Having recently read Henry Blackaby’s Experiencing God, I was struck that our role is to seek God and His will in our lives.  As we do that, He will show us how we can join Him in His work.  God has been at work in Colorado Springs much longer than any of us have been alive, He has a plan, and He knows how we can fit into that plan – isn’t that why He brought us there?

It isn’t that God has been sitting around for the last several years waiting for some bright church planter to show up and discover a way to bring more people into the Kingdom.  Quite the contrary, He just needs some illing individuals who want to be a part of something cool.

So, even before moving to the Springs, I began to seek God’s guidance.  About a month before moving to Colorado Springs, we stopped at a strip mall in Fort Collins.  While my wife was in the store, it came to me.  My role is:

“To gather a group of people who want to experience God, seek where He is already going, and then join Him!”

I pulled out a strap of paper (yes, this was pre-PDA) and wrote it down so I wouldn’t lose it.  And that’s where we began to focus.  Although I kept getting pressure to write out our vision, this is what I focused on.

It wasn’t until a couple of years later that I was reading Jim Collins’ book, Good to Great, that I realized how relevant this vision is.  Collins’ research shows that it isn’t the companies with a compelling vision that move from merely good to great, but the ones who seek to get the right people on the bus and in the right seats.  This is what we were seeking to do at Common Ground.

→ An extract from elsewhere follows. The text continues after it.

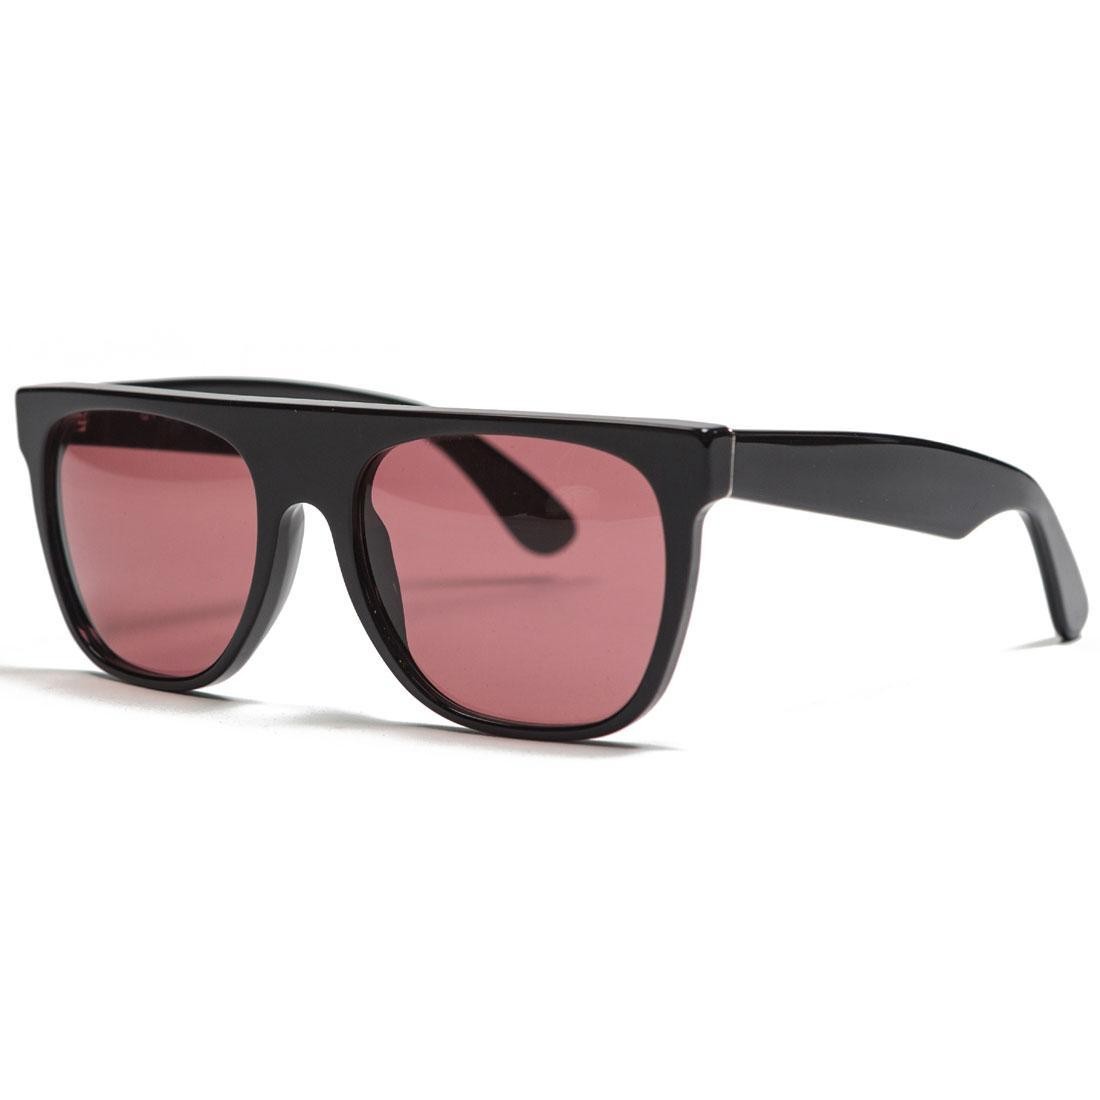 Super Sunglasses Flat Top Sunglasses (black / bordeaux)

And that’s what we did, we begin to gather people who were interested in truly seeking God, then we devoted the majority of our meetings to worship, prayer, reflection, and the Word.  It was an awesome experience, and some say they’ll never enjoy church anywhere else again after being a part of Common Ground.  (Hopefully they’ll seek to move their future faith communities towards a better model, not just complain that those churches aren’t Common Ground!)

Starting in about 2006, the Rocky Mountain Conference staff began to move towards a new model of church governence and leadership.  Built on the shoulders of Paul Borden, and American Baptist Judicate Leader in Northern California, five churches were selected to participate in an experiemental program.  Common Ground was selected to be one of those churches.

Unfortunately, as we worked towards the governance model of church leadership, the coaching and mentoring also began to dabble in leadership style too.  I was pressured to develop a vision that was clear, compelling, measureable, and focused.  I have to admit, that I agreed to do this, so I really have no one to blame but myself.  However, in retrospect, I now believe that Common Ground hadn’t fully laid the groundwork to spell out the vision.

We were still in the “gathering a group of people” stage and we hadn’t fully sought to know “God’s will” or where “He was already working.”  So, the vision we began to spell out was crafted more from human might than from spiritual seeking!

Jesus spent 24/7 with 12 men for three years.  EVen when He departed, they still had lessons to learn.  My core team wasn’t fully established until about mid-2004.  We spent about six hours a week together for the next three years.  And I’m NOT Jesus.  That just simply wasn’t enough time to develop ourselves as fully devoted followers of Christ.

Given another five years, we could have begun to focus on the realtionship with God, and our pursuit of Him.

I so regret not standing up to the pressure to change our course.  Either way, we wouldn’t have survived the arbritrary five year timeline, but at least when it ended, we would have had the solid spiritually bonding experience together.  As it is, we lost that because of the pressure I put on my team.

I was an idiot.

In the end, I began to feel like for the denomination it was about success, even if that meant disabeying God’s calling.  And that’s what I let it become for me too!